> DATA TO PROCESS
+---+

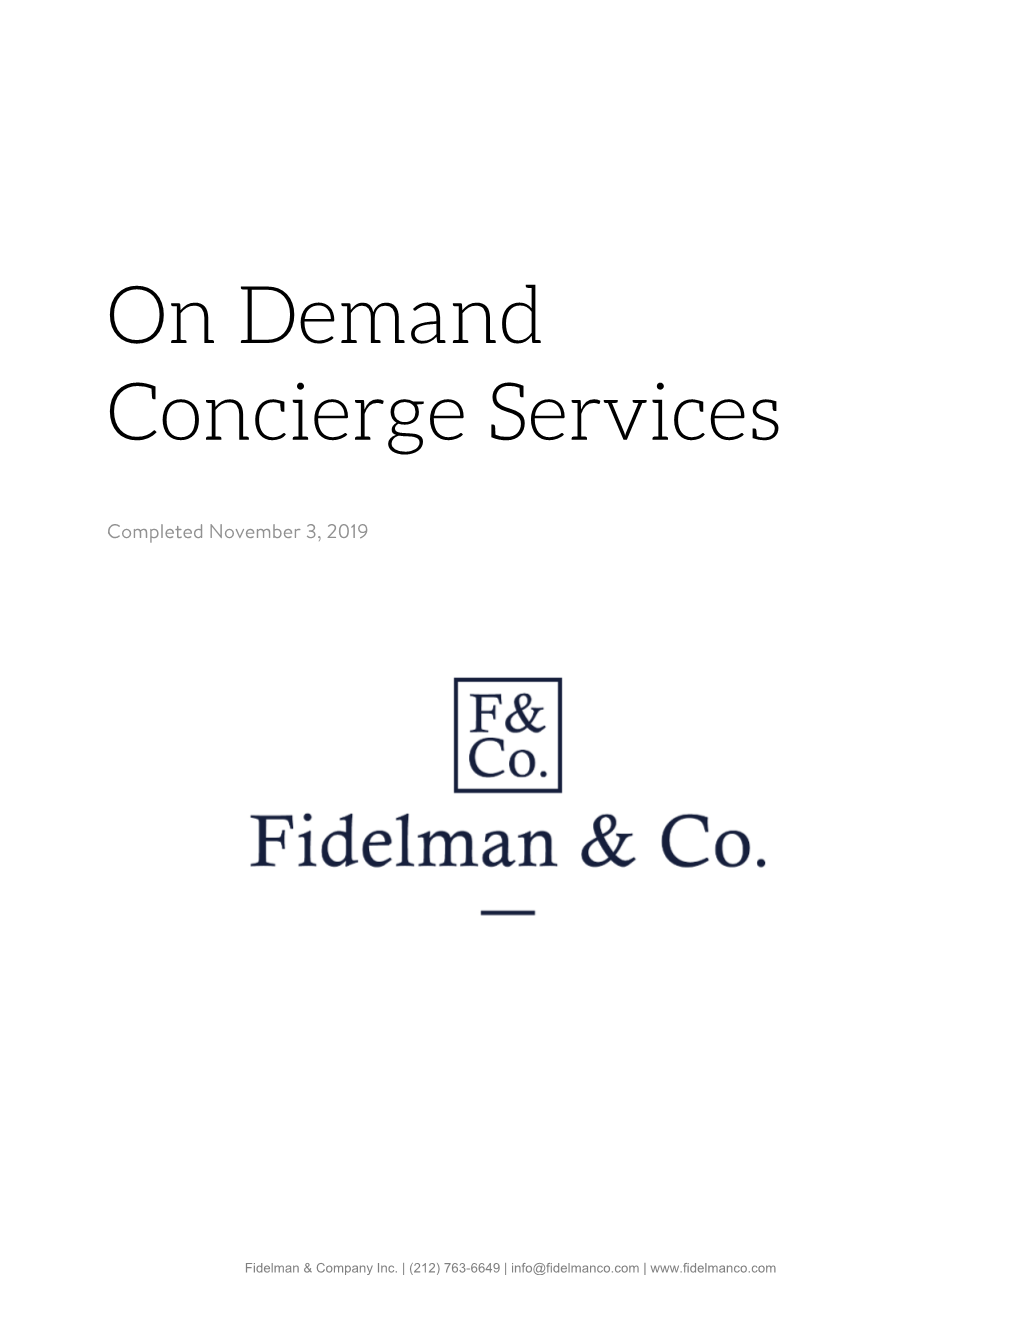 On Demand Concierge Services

+---+

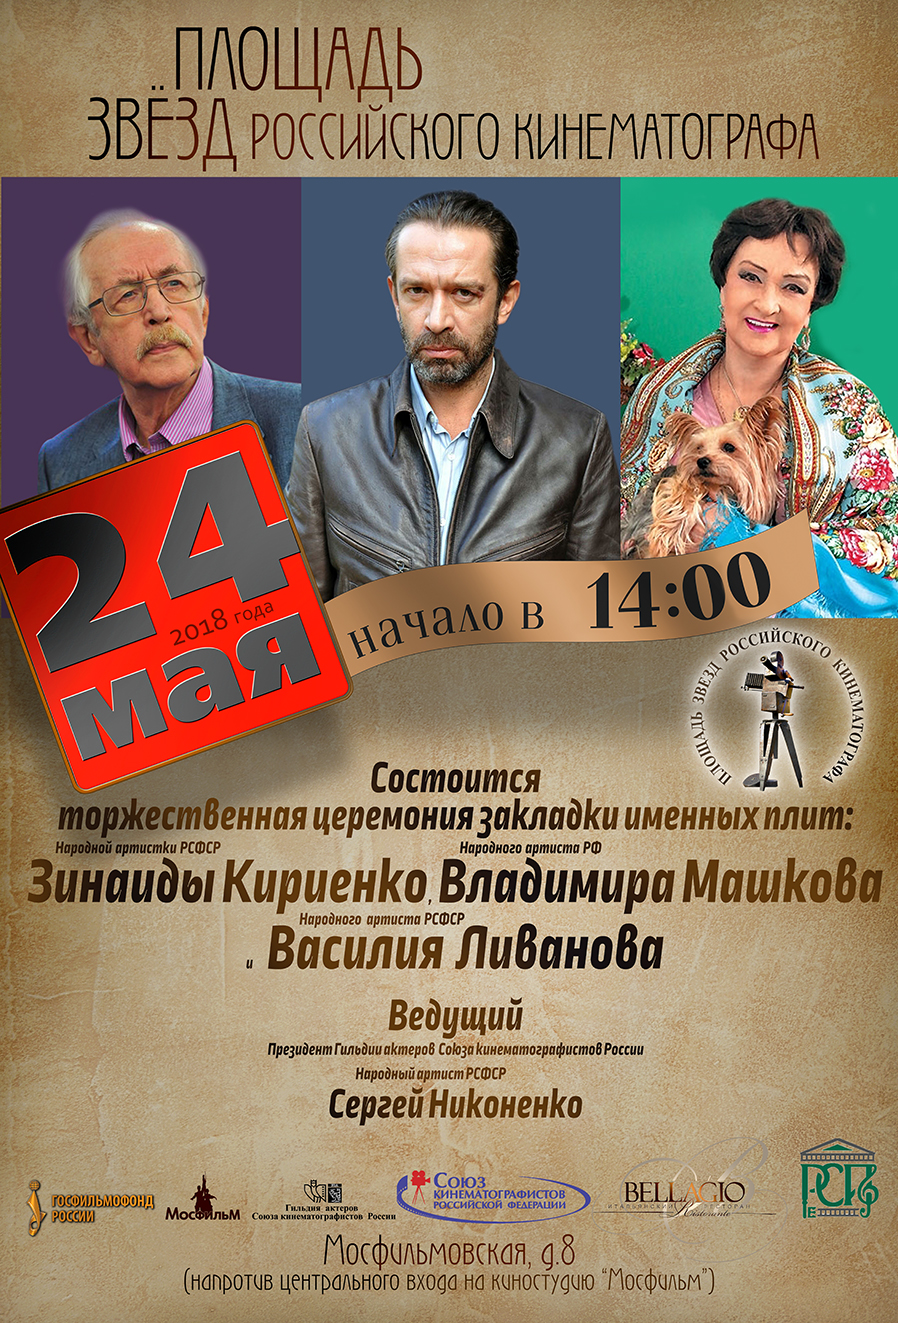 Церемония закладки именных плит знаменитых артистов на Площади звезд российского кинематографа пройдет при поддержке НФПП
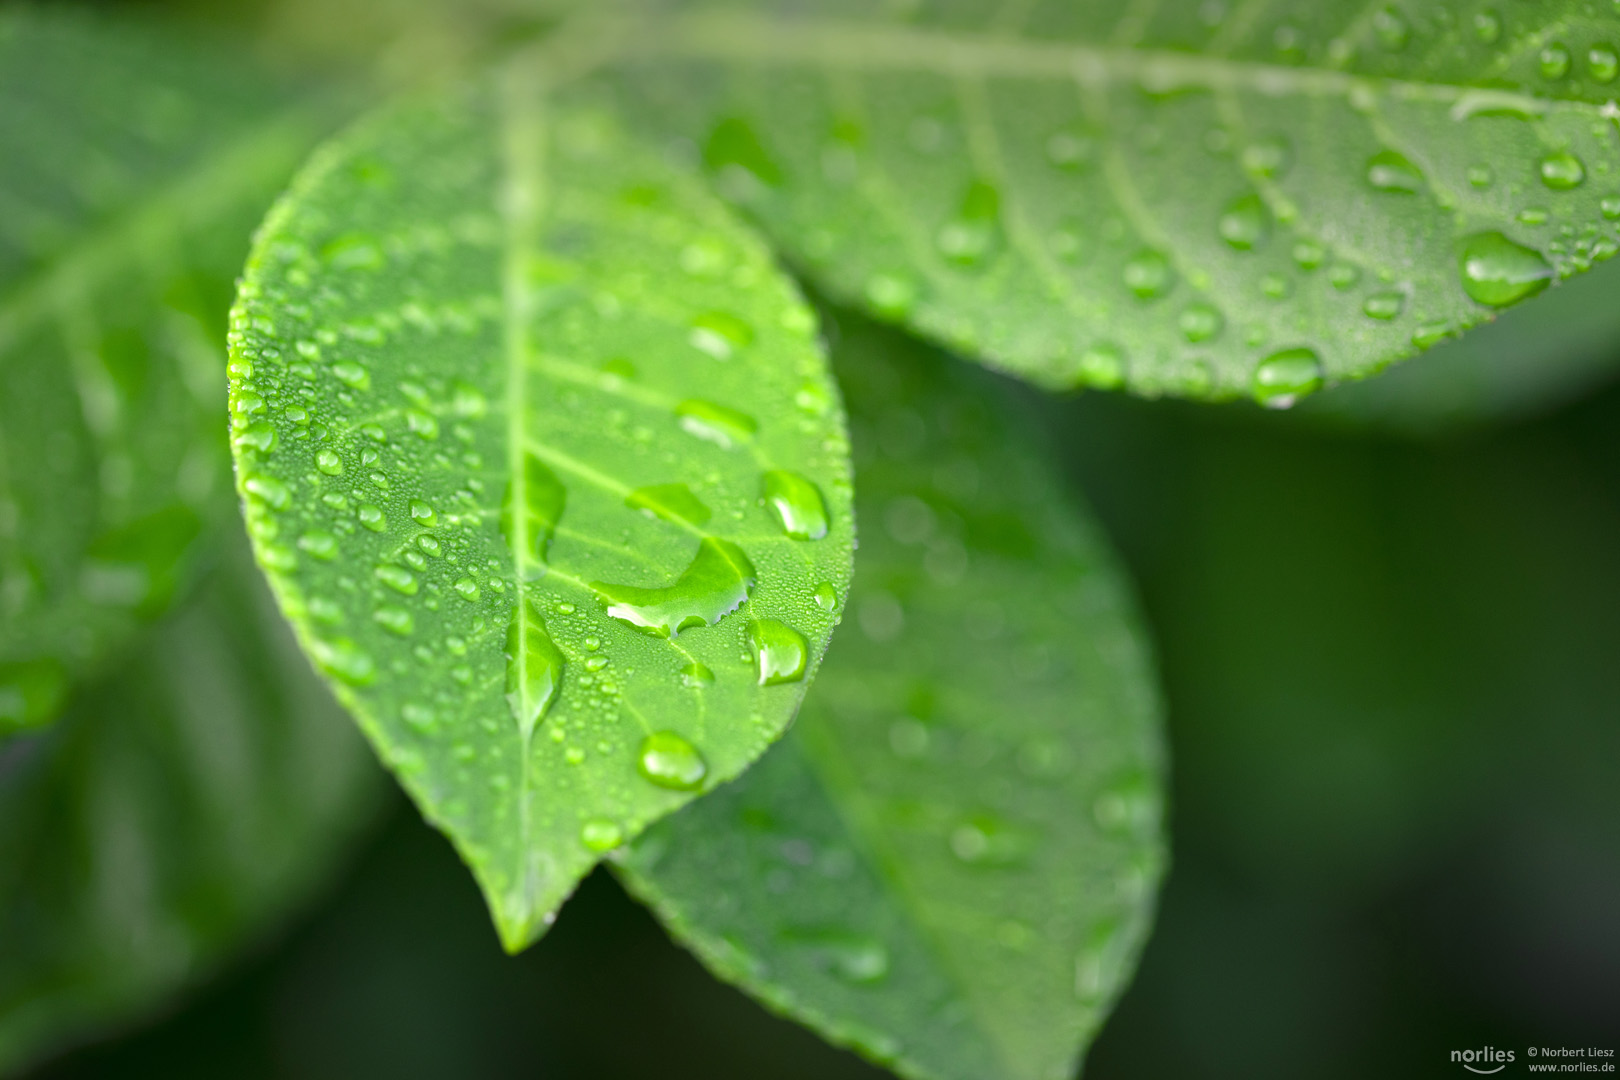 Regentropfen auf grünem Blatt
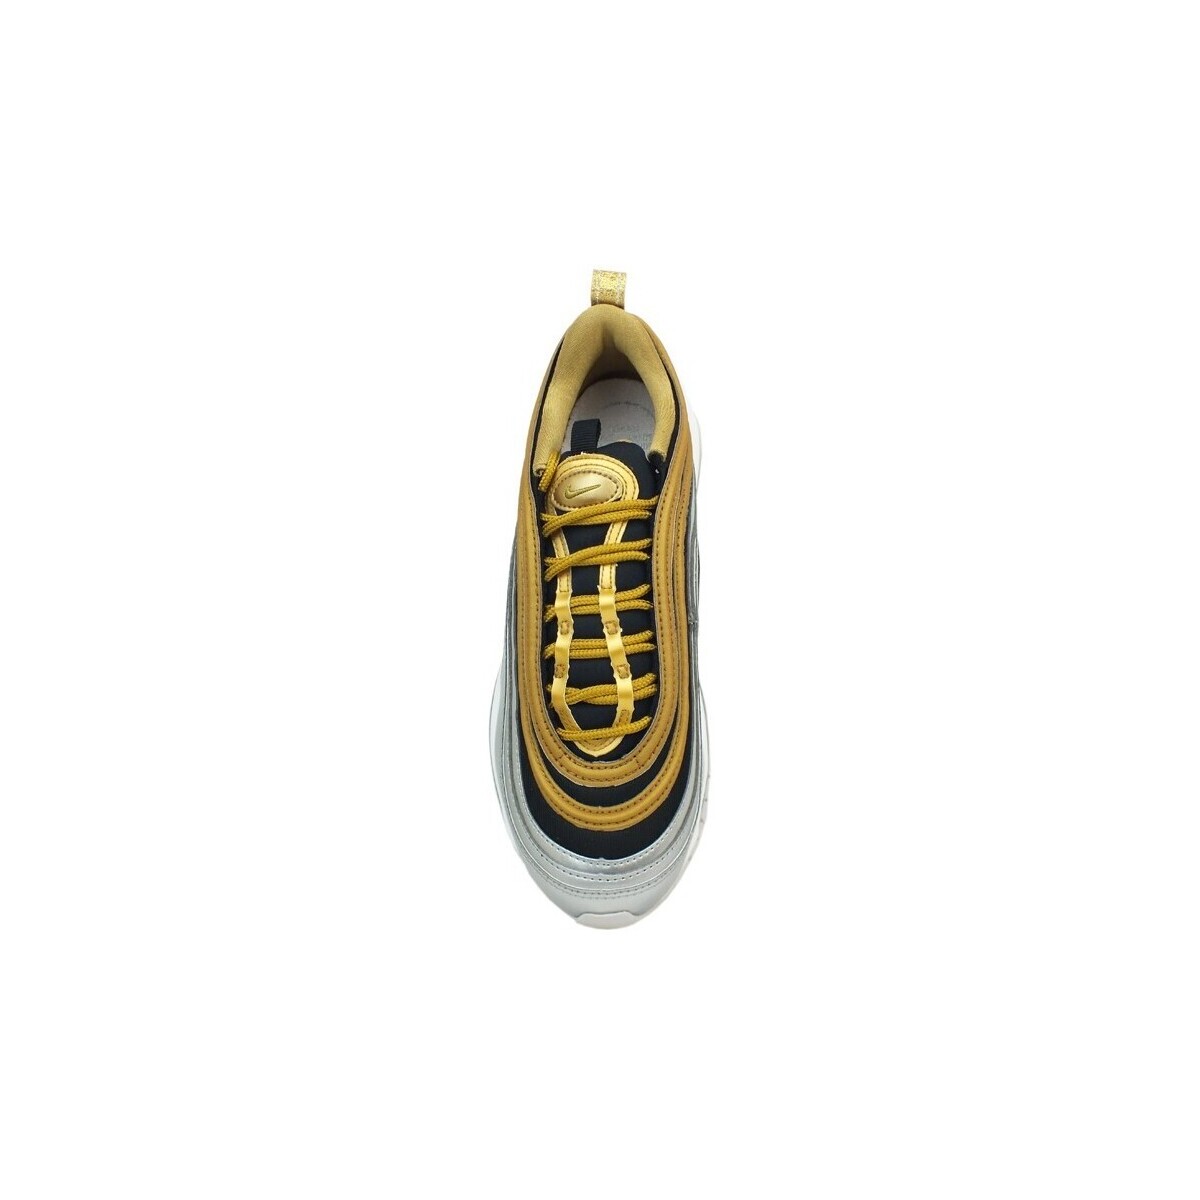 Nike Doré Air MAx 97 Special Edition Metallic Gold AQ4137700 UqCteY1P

+---+

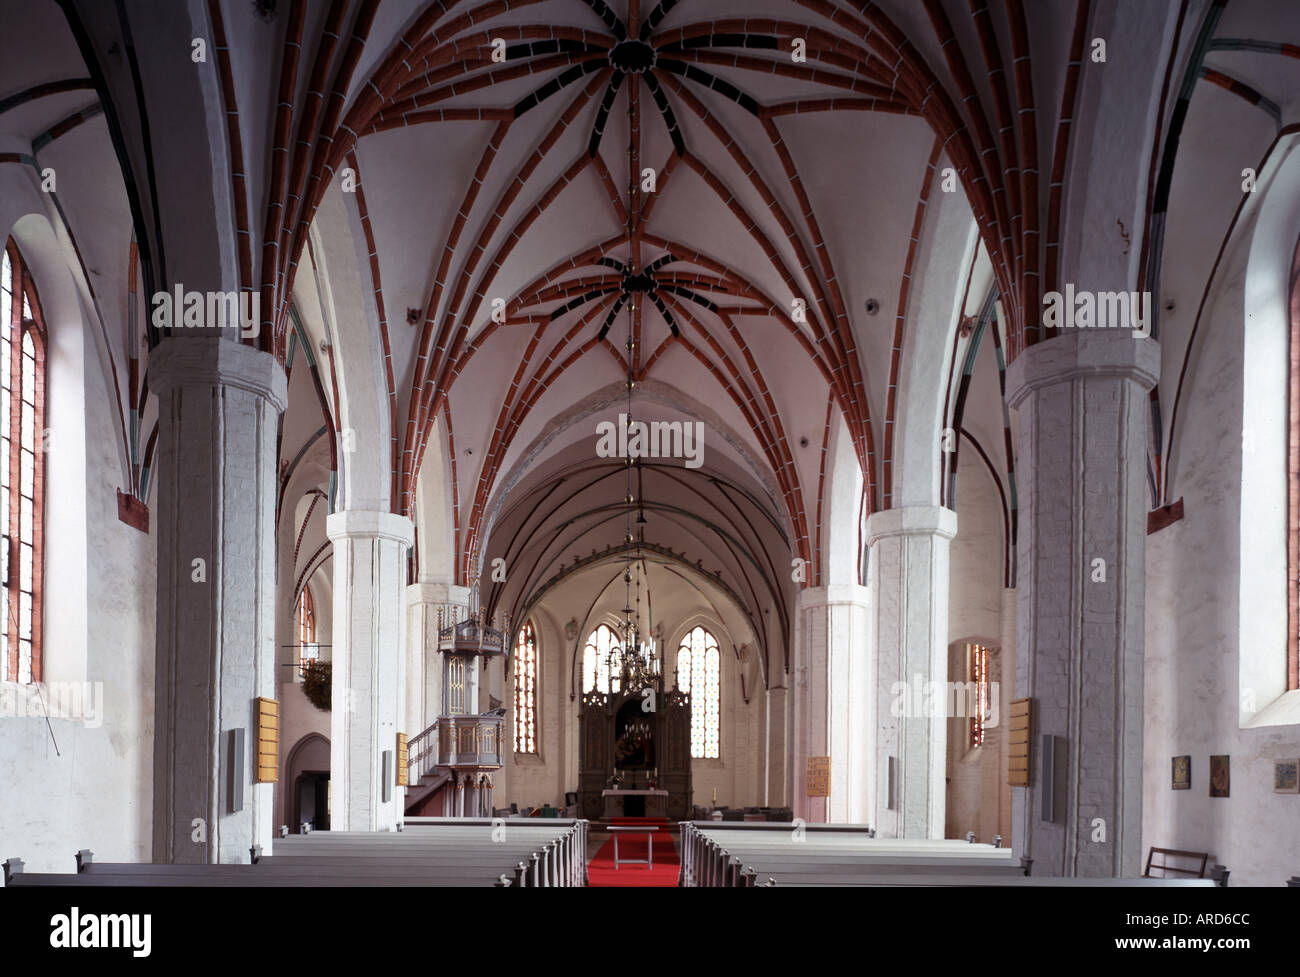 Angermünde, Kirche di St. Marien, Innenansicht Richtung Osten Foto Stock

+---+

> PROMPT
The response must repeat exactly the lines above from the one with "Regentropfen auf grünem Blatt" through the one with "Nike Doré Air", including both, and must contain no pictures and no other text.

> SOLUTION TO THIS EXERCISE
 Regentropfen auf grünem Blatt
 Nike Doré Air MAx 97 Special Edition Metallic Gold AQ4137700 UqCteY1P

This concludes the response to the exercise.